Problem description:
With the pictures removed, please write out every line below exactly as given.

Information supplied:
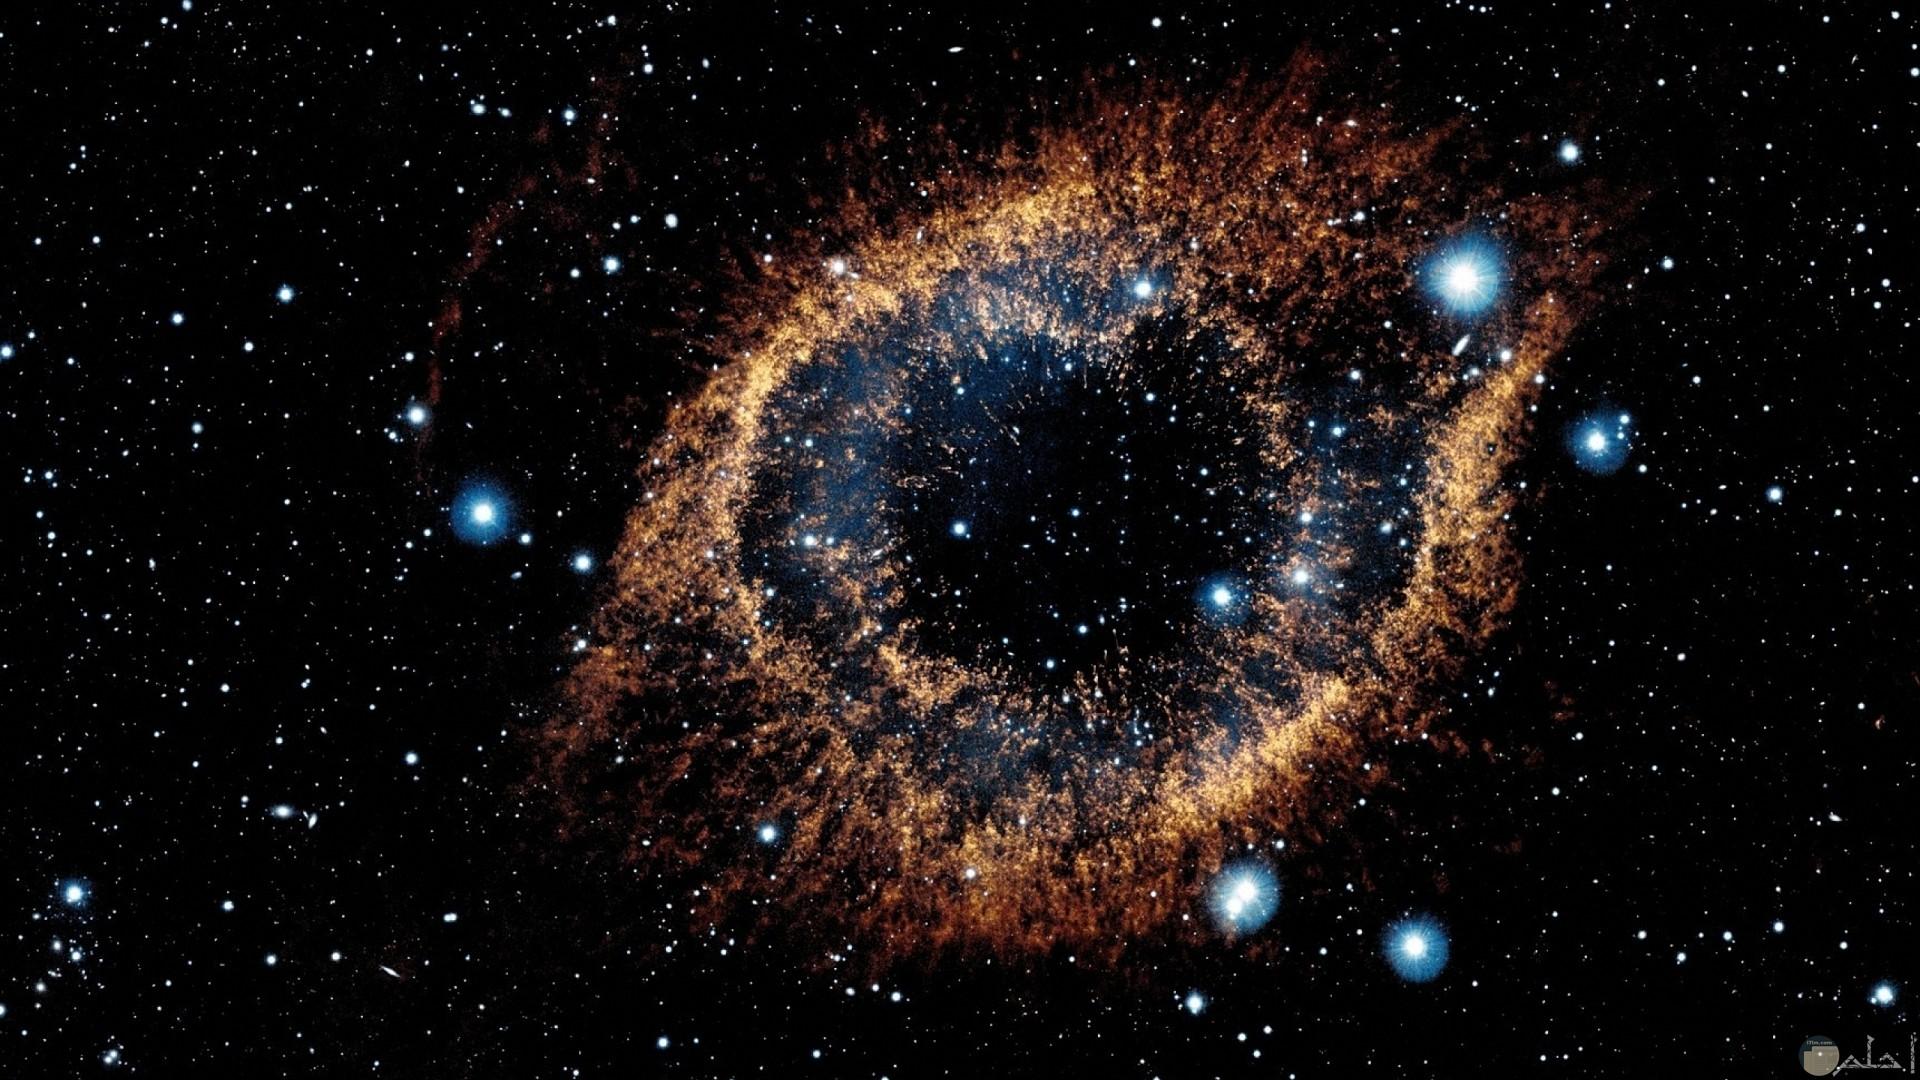 تفرق النجوم بشكل جميل في الفضاء الخارجي
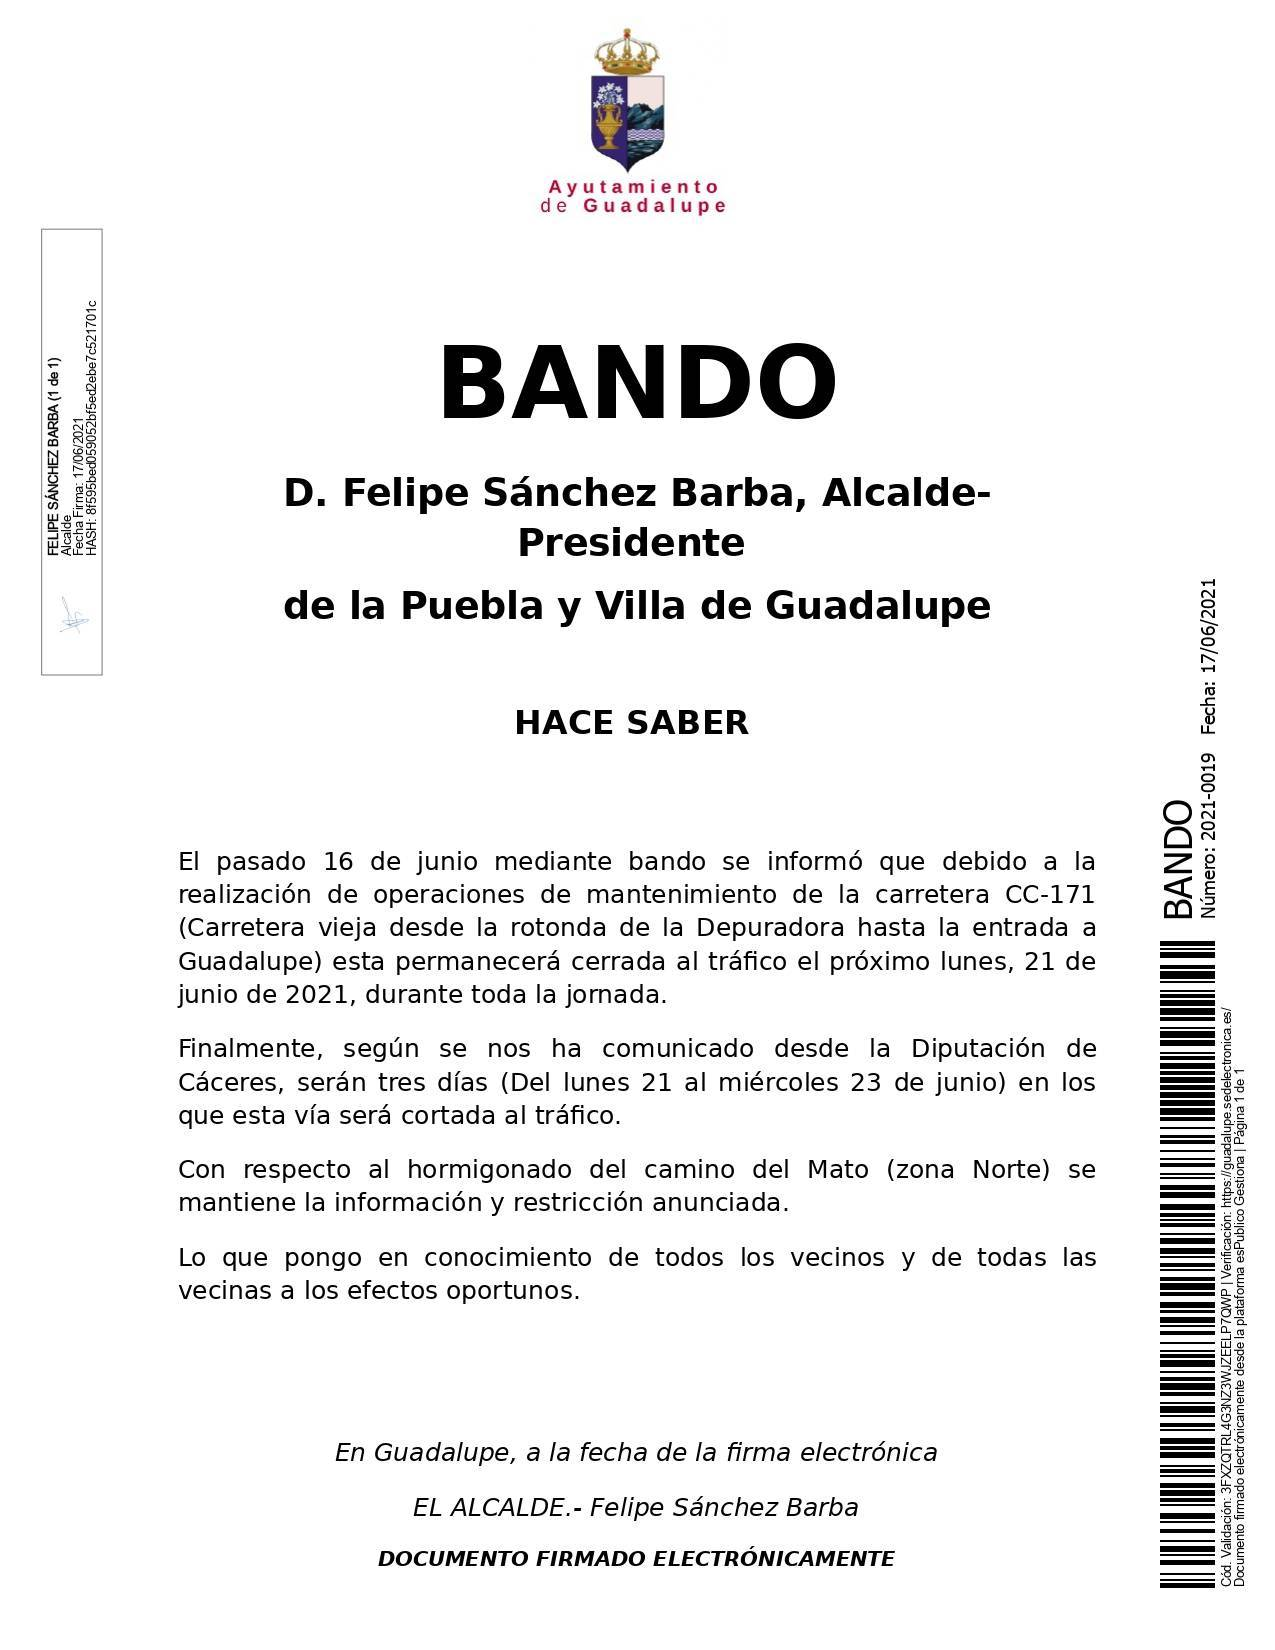 La carretera CC-171 y el camino del Mato se cerrarán al tráfico (junio 2021) - Guadalupe (Cáceres) rectificado
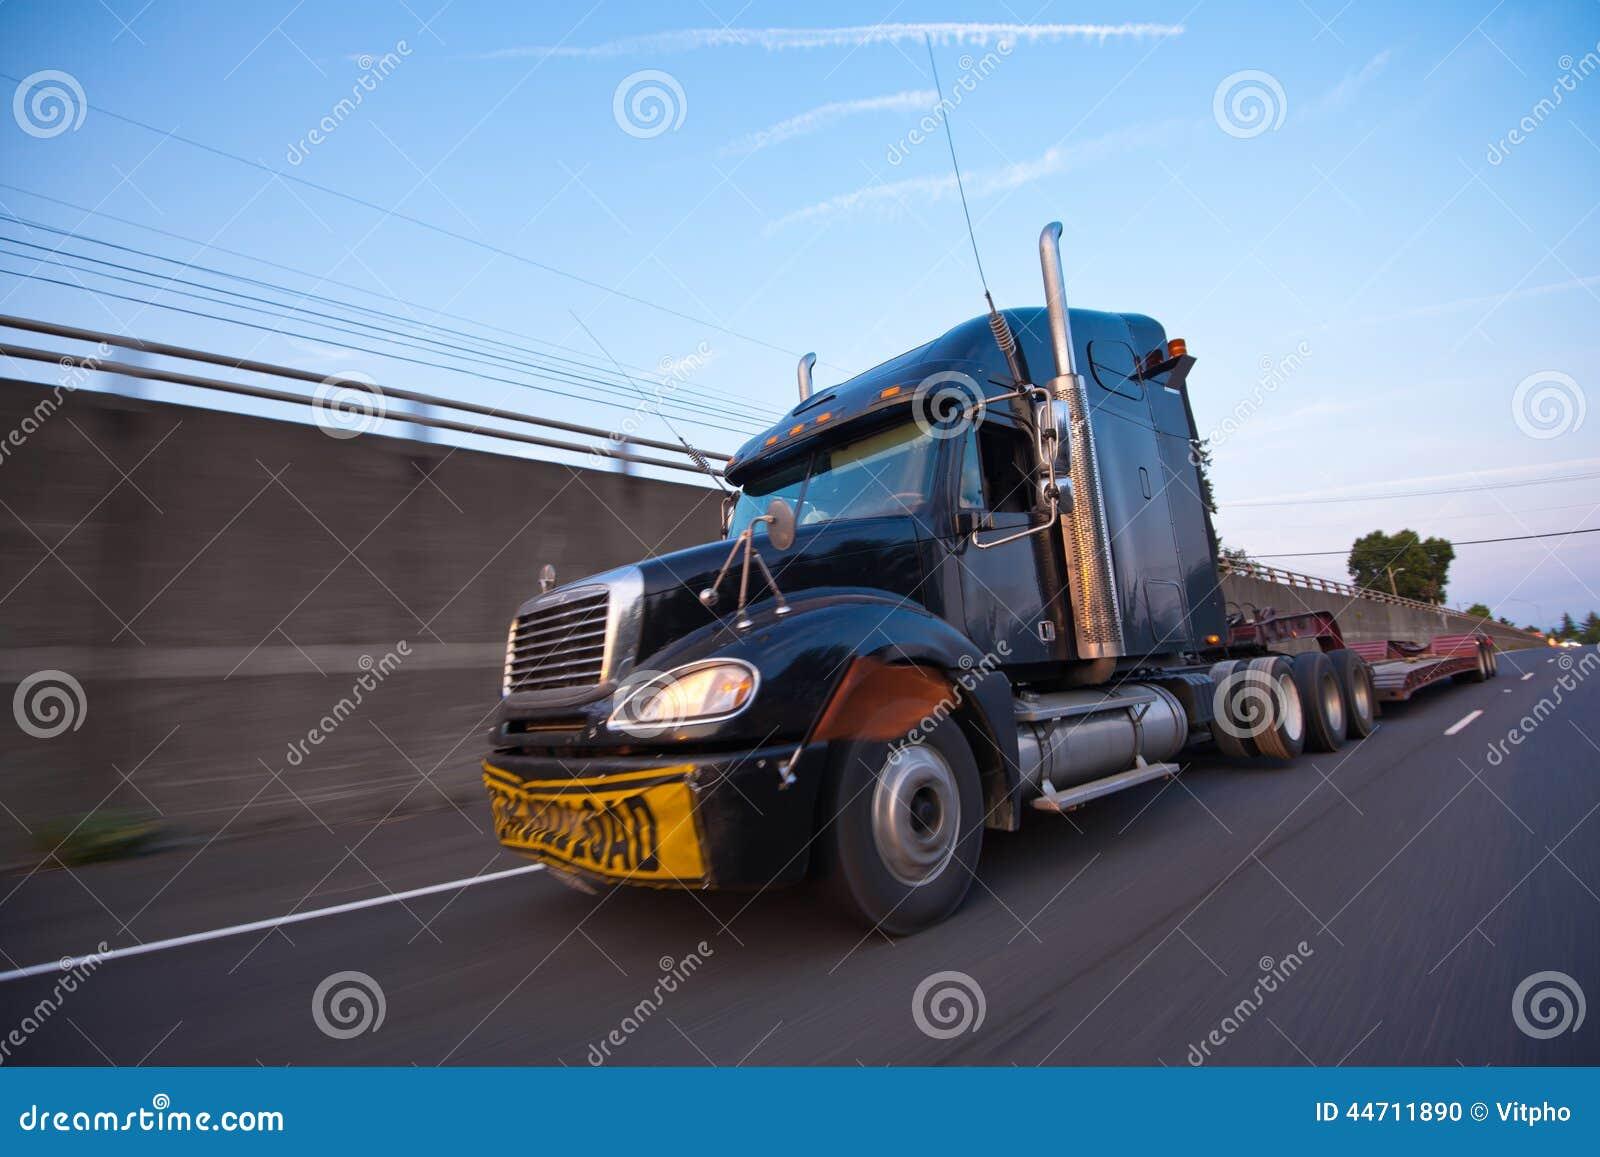 semi truck with trailer inscription overload at speed on Semi- Trailer Cartoon Semi Truck Logos

Result:
 تفرق النجوم بشكل جميل في الفضاء الخارجي
 La carretera CC-171 y el camino del Mato se cerrarán al tráfico (junio 2021) - Guadalupe (Cáceres) rectificado
 semi truck with trailer inscription overload at speed on Semi- Trailer Cartoon Semi Truck Logos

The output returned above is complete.